I kept this in mind as I unstitched the quilt top I had just finished.
Oh yeah, I said “Finished” but in reality I hadn’t added the borders yet.
Here’s my “OCD much?” story:

 

SBS_RIP_Jack_And_Friends

 

I have been wanting to make a nice lap quilt out of the Sunbonnet Sue blocks I got about 5 years ago. They are all wonderfully hand turned, and I bought them from a lady at her garage sale. She had made them many years ago, and sashed them, but gave up on it. I also bought some of her oil lamps, which I love. She may never know that part of her legacy will be with me in those oil lamps and this quilt – if I ever get it done.
I removed the sashing because I wanted the quilt to be bigger.
On and off for 5 years, I have thought about how to make a quilt out of these blocks.
EQ7 allowed me to make all kinds of alternating blocks, and see them before sewing them.
I finally decide on a block that would complement all the Sue’s, then moved on to the fabric selection.

Oh the fabric selection!!!
Of course I needed 30’s prints, and I auditioned many. I ended up chosing primary colors, because I like them. Yes, not many primary colors in 30’s prints, so what I really wanted was tiny prints, and I don’t care what era they are from.
Yellow was the hardest. I went to my local quilt shop for it, and couldn’t find a suitable small print yellow, but found a darling green with little yellow flowers in it, and a turquoise I couldn’t say ‘no’ to. I bought 2 yard of the darling green, and 1 yard of thr turquoise, then later bought another yard of each incase I wanted them for borders.
I started piecing the alternate blocks, and was fine until I got to the part where I would snoball all the Sue’s with . . . what color? I cut so many possible squares to audition that I could make a whole ‘nother quilt out of them. and I’d have to, because they are 2 3/4″ square and I sure ain’t cutting all those blocks down to a more usable 2 1/2″
I was back to needing yellow. What I had in mind, and the stores, nor my stash would indulge me, was a yellow with a bit of red in it.
So, I finally just picked a tone on tone yellow out of my stash and snoballed all the Sues, then sewed the whole top together. It was pretty nice looking.

 

 

 

 

Then on my way home from work Sat., oh did I mention I was stupid enough to volunteer to work saturday? Why, yes, yes, I was. but there is pretty fabric calling my name . . . .
I decide to double the batting, and to be cheap, I will get a king size piece, and use my coupon. It was already half off, but with a $20 off a $60 purchase coupon, I could increase my savings.
It was there, at a store I’d been to many times, that I found my yellow print.
Oh damn.

SBS_Snoballs

I bought it, and the 30’s print flannel backing, and it was probably my slowest drive home.

Sew, while I sit here removing stitches,  lets explore the may ways stitches can be removed, shall we?
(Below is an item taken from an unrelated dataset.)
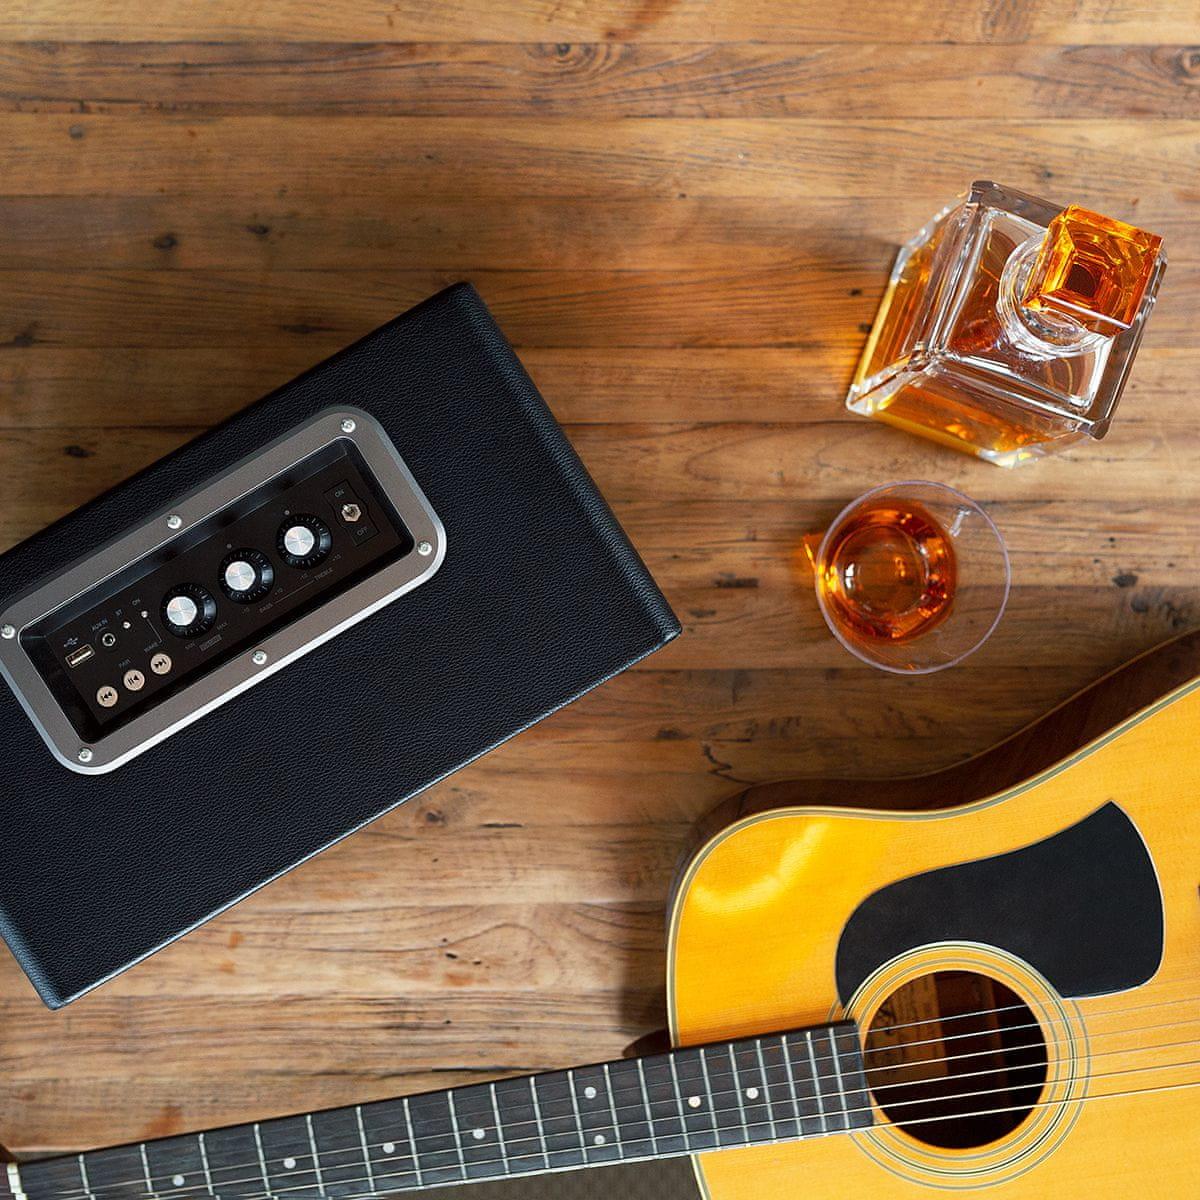 bluetooth zvočnik Niceboy BOOGIE classic ima potencimeter za upravljanje basa in visokih tonov

There’s the “pick and pull” which I almost always start with.
It is the most gentle, yet the most time consuming, but it does leave the pieces clean, and ready to be resewn.

SBS_RIP_PickPull

Then for speed, I move on to the “Pull and Poke” where you pull apart the layers, and poke the threads with your seam ripper. One pull after a poke will get you several stitches farther than the pick and pull.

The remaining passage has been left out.